Added SFT dataset config to job config
Updated attention + modifying get_attention_masks to support SFT masks (only landed on Llama3 now)
Temporarily use HFTokenizer, need to fix this later
Added SFT dataset/dataloader that returns input_ids, labels (user tokens masked), attention_masks, position_ids

TODO

Need to verify PP / CP
Val dataset not working yet (may depend on fixed validation error when using flash attention #2142)

Run

CONFIG_FILE="./torchtitan/models/llama3/train_configs/debug_model.toml" NGPU=4 ./run_train.sh \
  --training.running_sft_training \
  --model.flavor=debugmodel_varlen_attn \
  --training.dataset_path=openai/gsm8k \
  --sft_data_config.dataset_subset=main

more test

CONFIG_FILE="./torchtitan/models/llama3/train_configs/llama3_8b.toml" NGPU=4 ./run_train.sh \
 --training.running_sft_training \ --model.flavor=8B_varlen \ --training.dataset_path=openai/gsm8k \
 --sft_data_config.dataset_subset=main \
 --model.hf_assets_path="$Home/Meta-Llama-3.1-8B-Instruct/" \
 --training.local_batch_size=8 \ --activation_checkpoint.mode=full \
 --training.seq_len=2048 \ --training.steps=100 \
 --lr_scheduler.warmup_steps=10 \  --debug.seed 10 \
 --sft_data_config.pad_mode=right \
 --metrics.enable_wandb \

(torch 2.10.0.dev20251124+cu129 and i am using cudnn attention )

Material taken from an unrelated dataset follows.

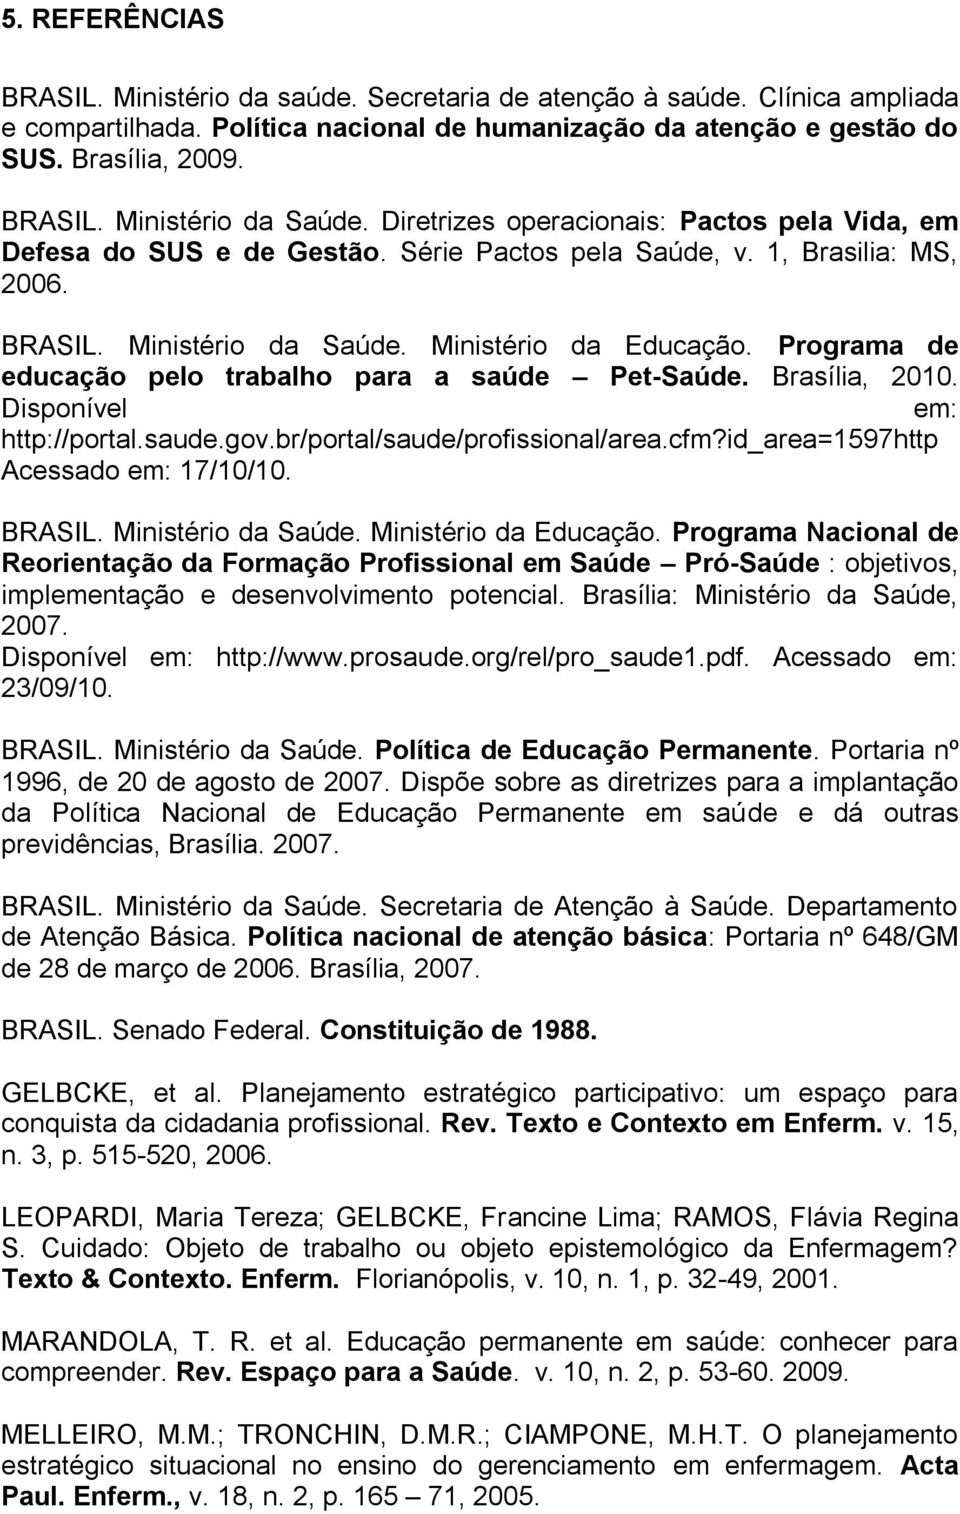 Saúde. Ministério da. Programa de educação pelo trabalho para a saúde Pet-Saúde. Brasília, 2010. Disponível em: http://portal.saude.gov.br/portal/saude/profissional/area.cfm?

compile does not work for no-padding because the seq-len for each training step keeps changing. We could pad the buffer to seqlen when turning on greedy_packing. (its packing_on++) to make compile happy.

rakkit · 2025-12-12T22:19:25Z

Just confirm it works on the SFT dataset in "multiturn" format, with/ and w/o the tool, and on reasoning data.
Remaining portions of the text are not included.